• [Exercise details] Return the data word for word. Pictures are to be omitted.

• [The data]
--- START ---

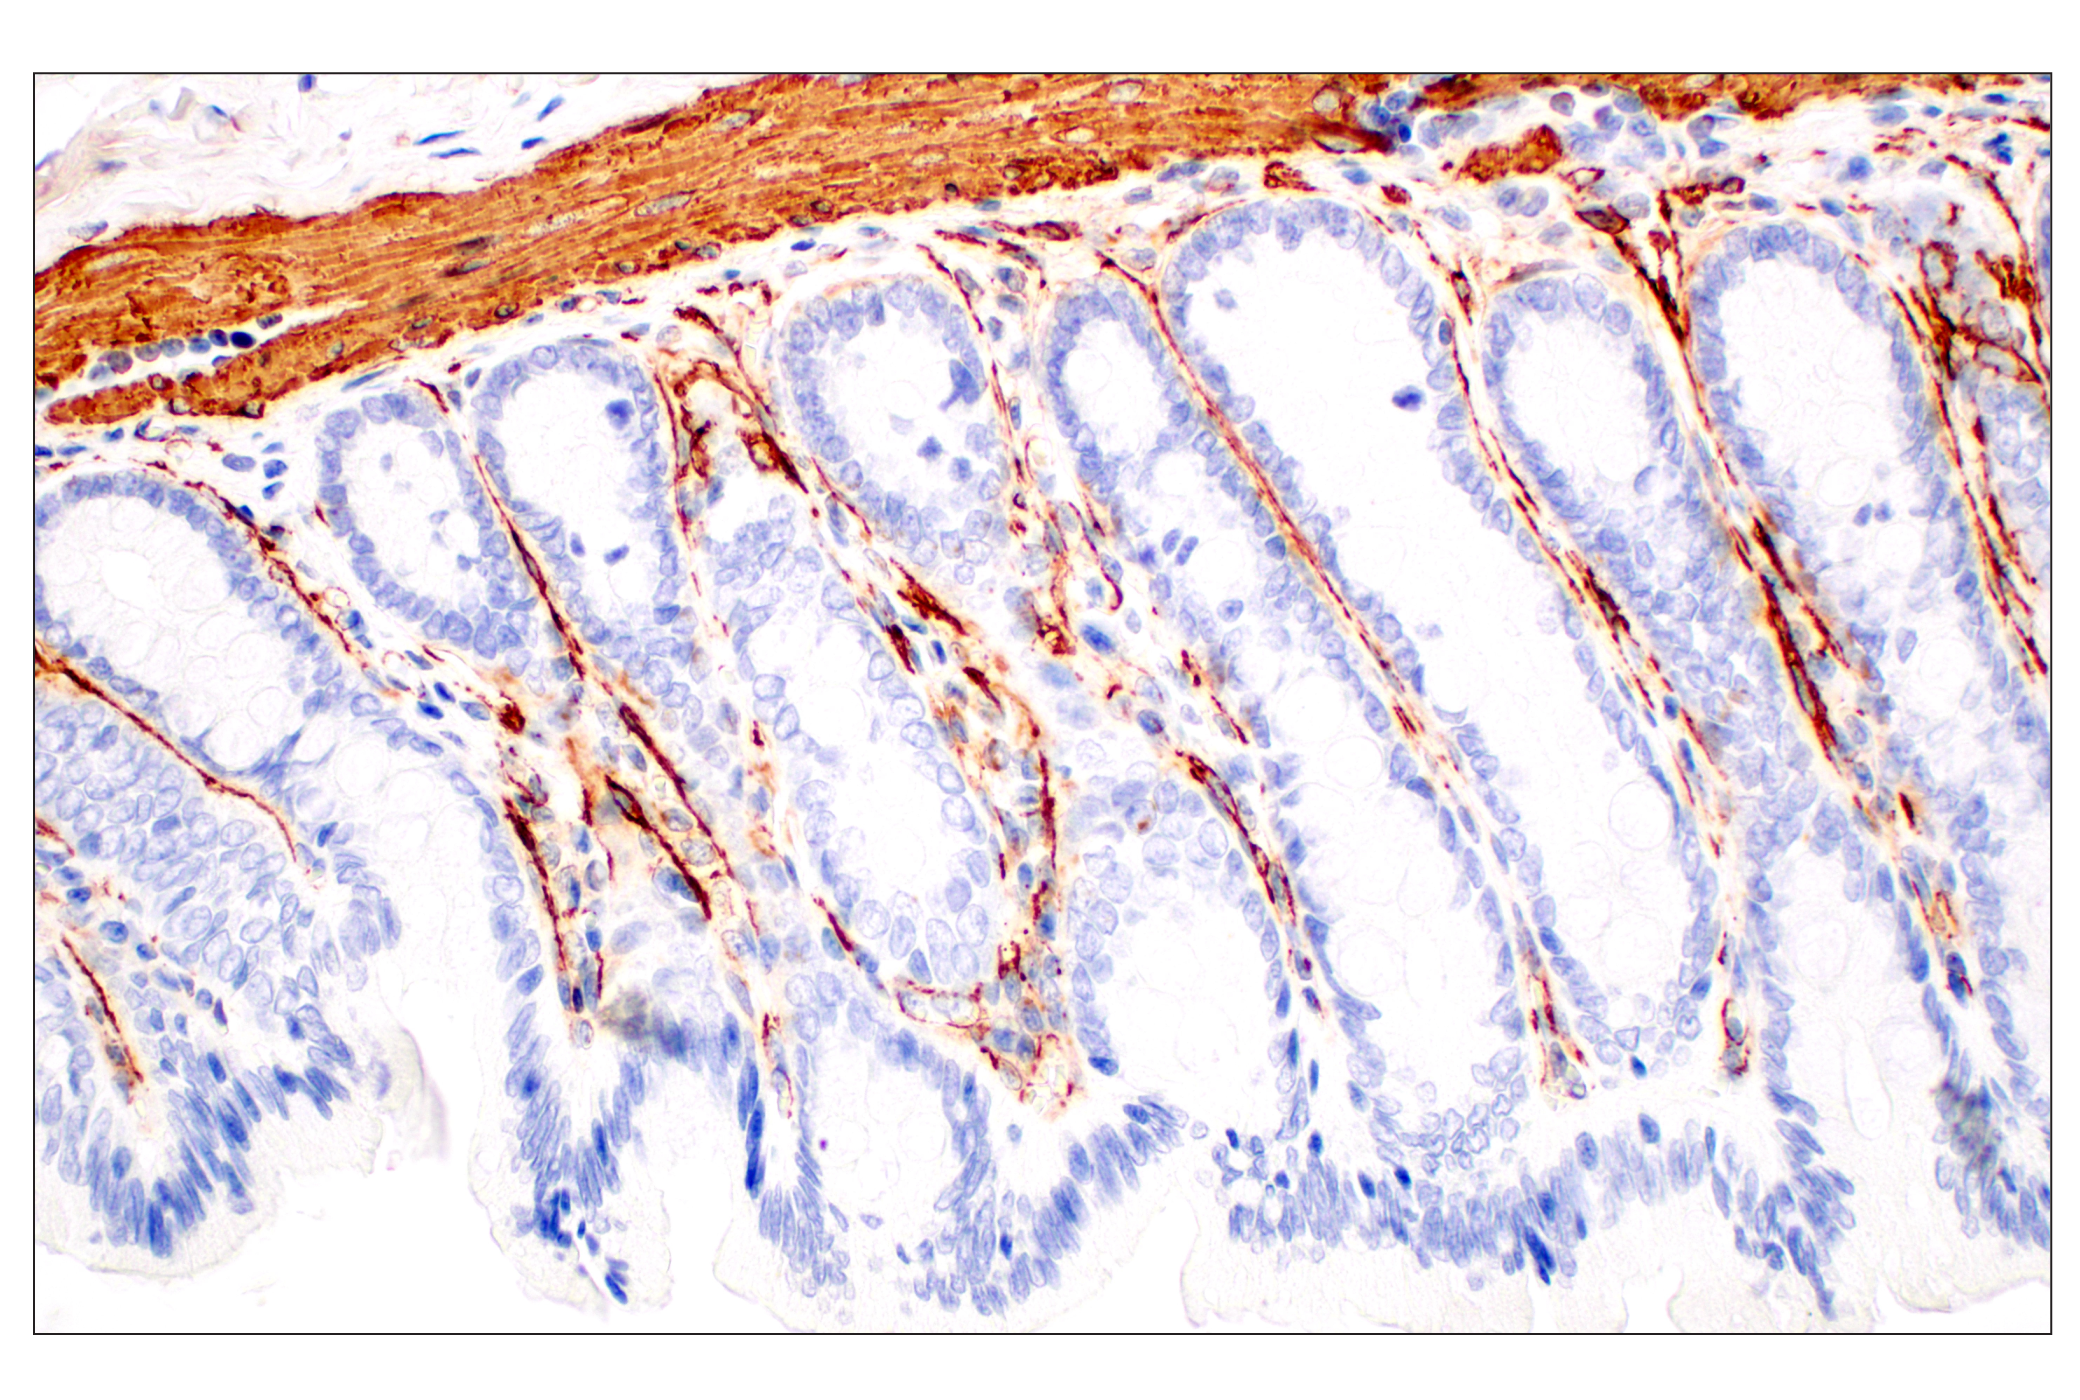  Image 53: Cancer Associated Fibroblast Marker Antibody Sampler Kit
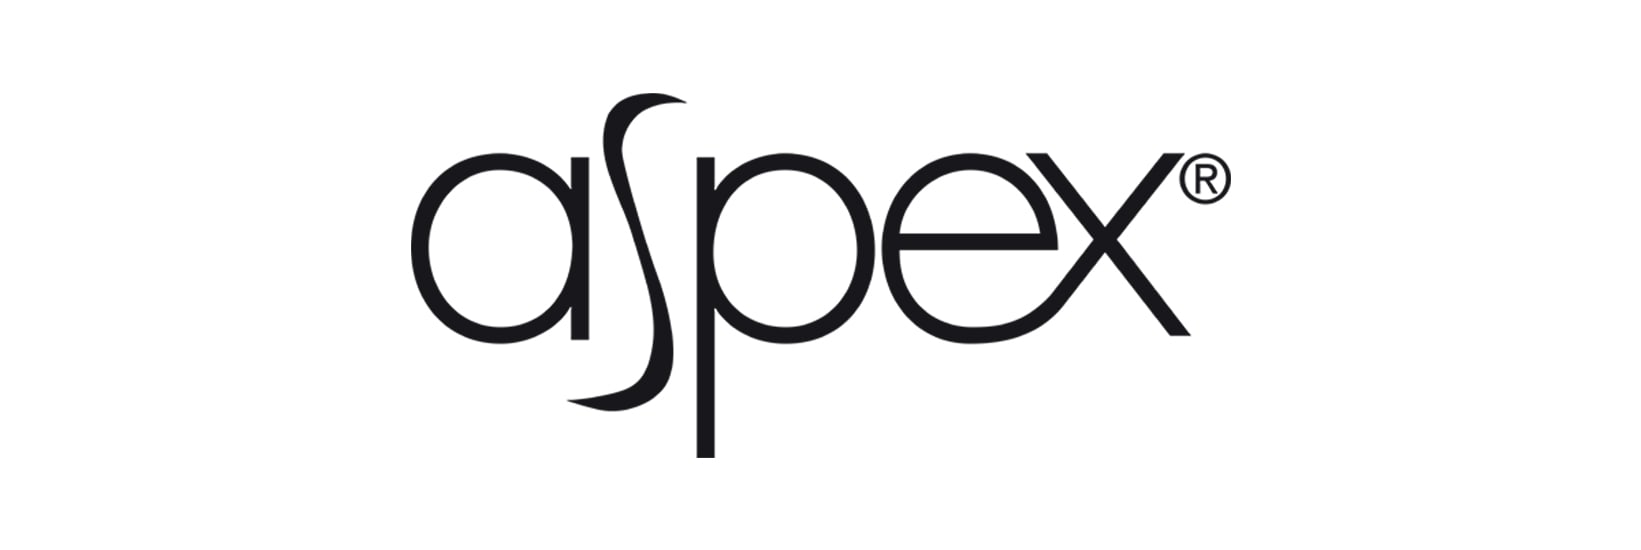 Aspex logo image
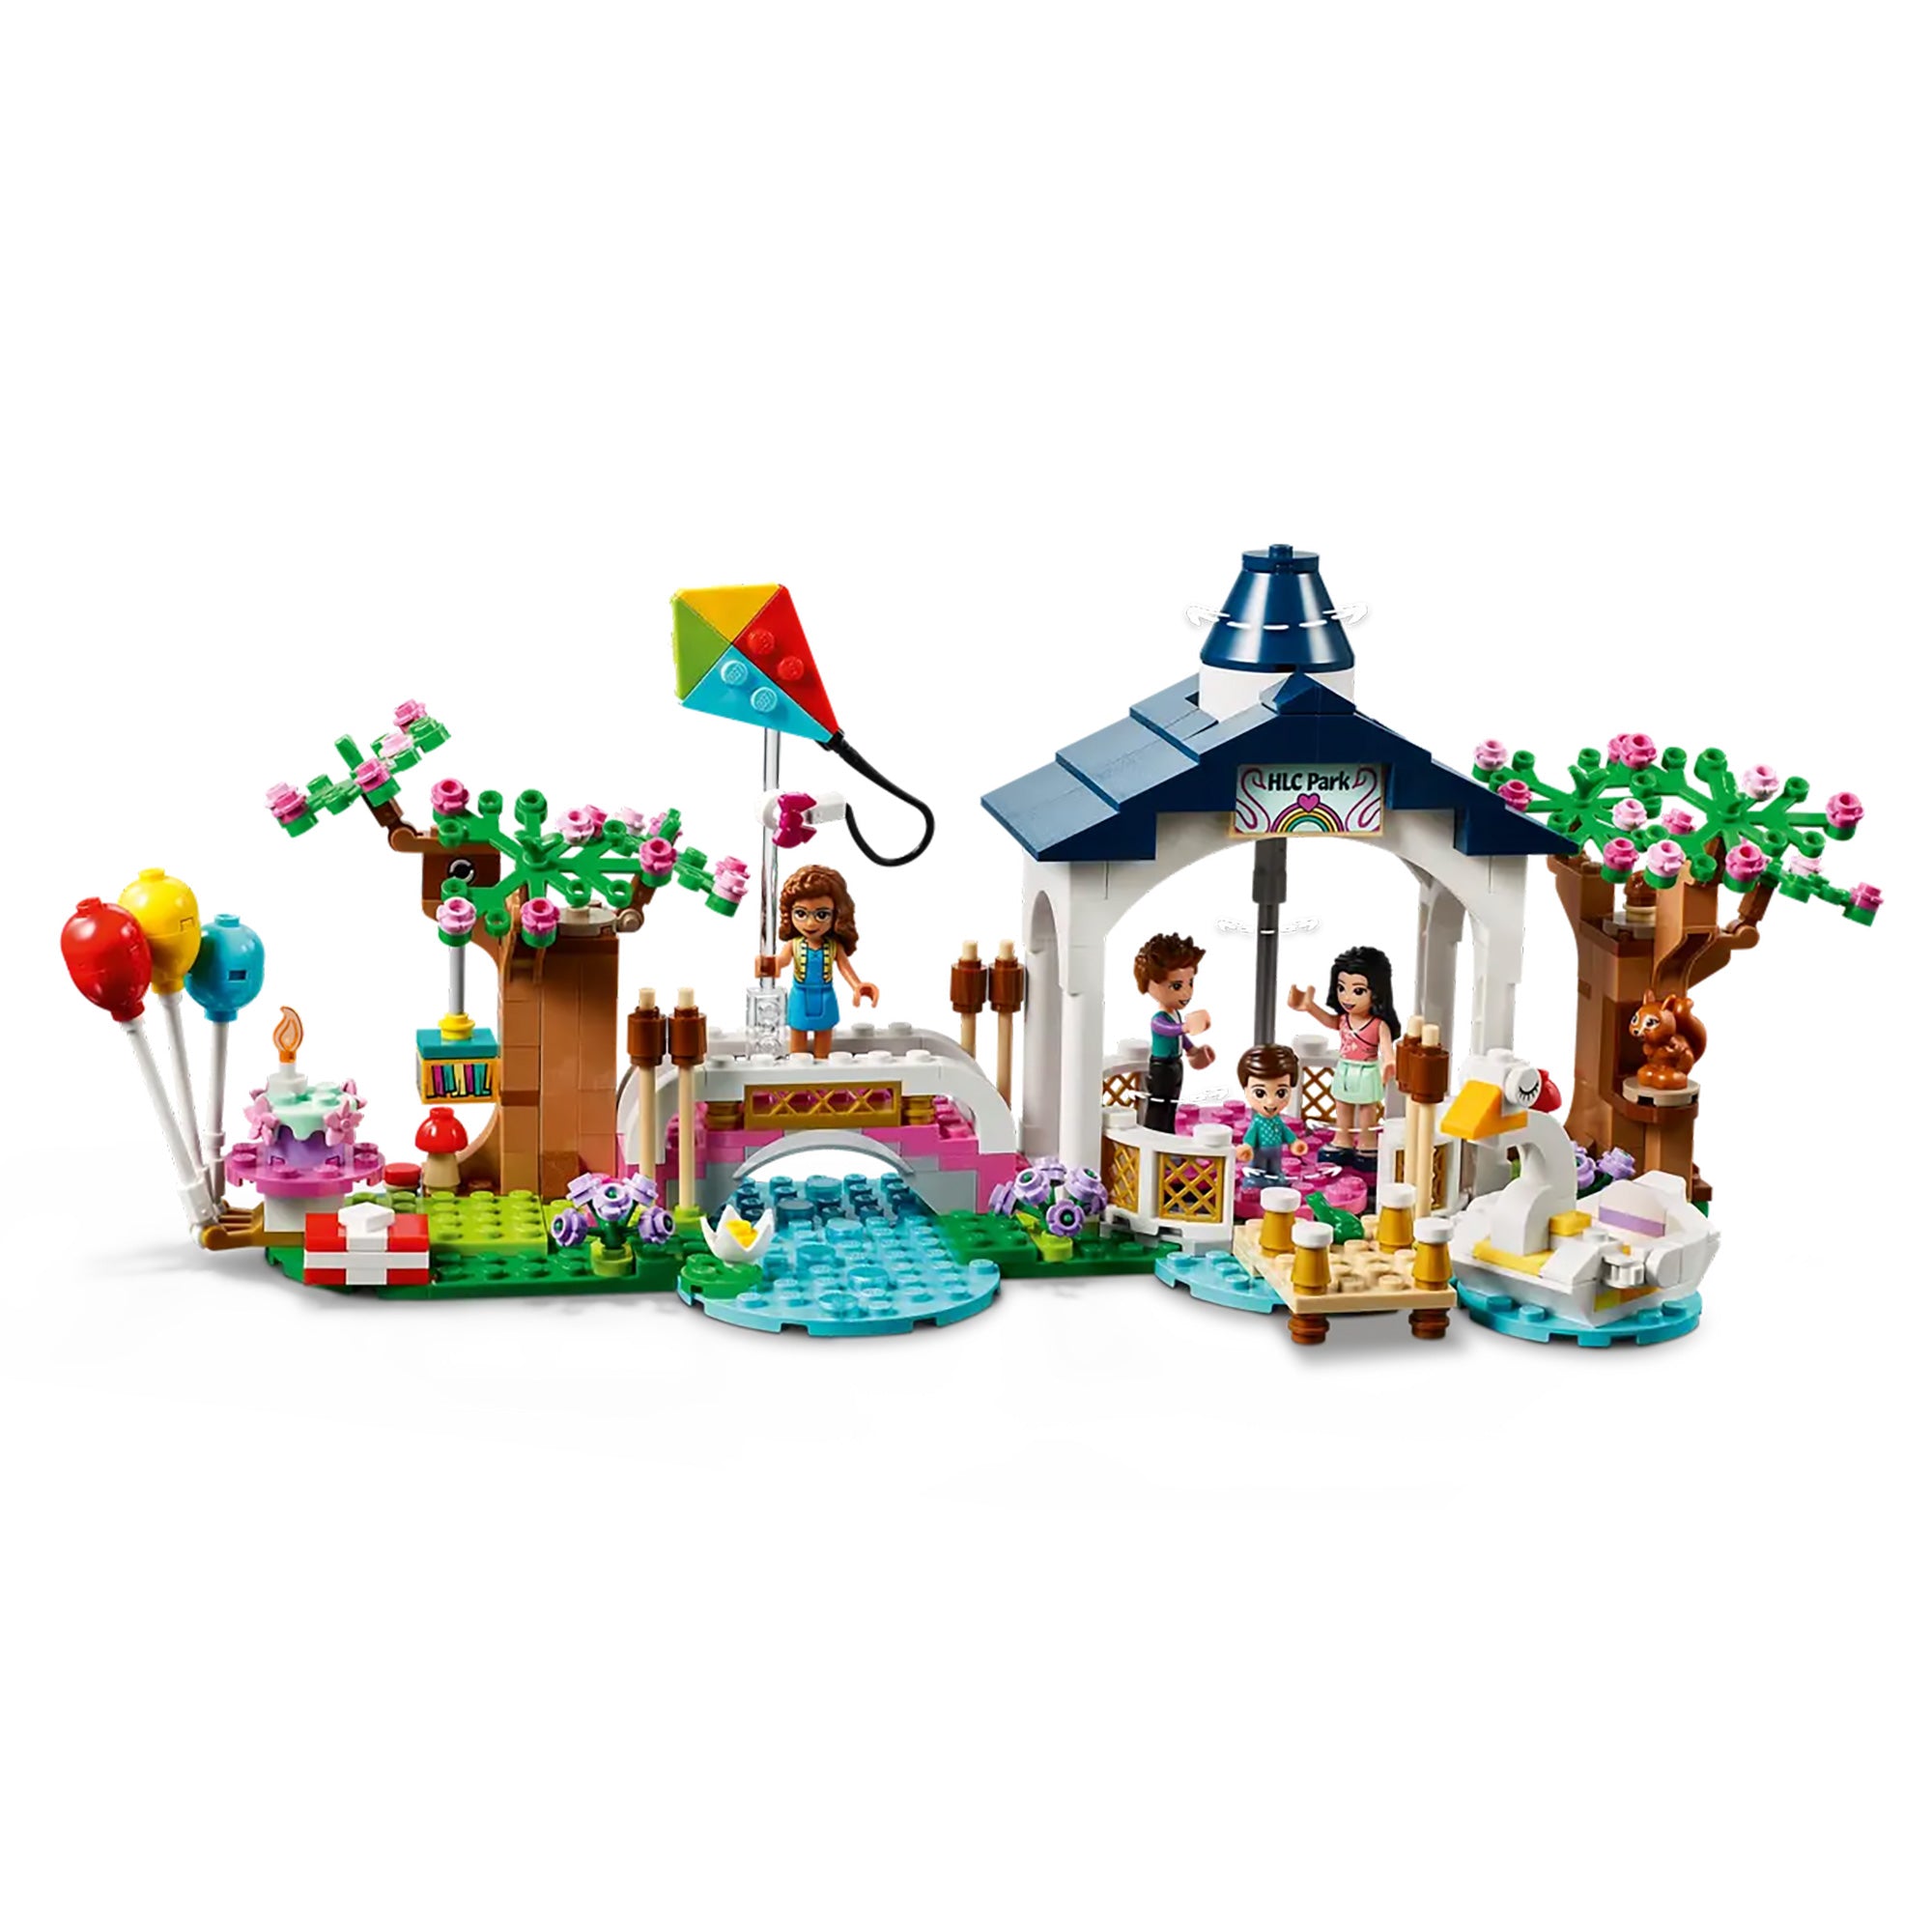 LEGO Friends Heartlake City Park, 41447, 432 Pieces | Party Expert

--- END ---

• [Reply]
  Image 53: Cancer Associated Fibroblast Marker Antibody Sampler Kit
 Aspex logo image
 LEGO Friends Heartlake City Park, 41447, 432 Pieces | Party Expert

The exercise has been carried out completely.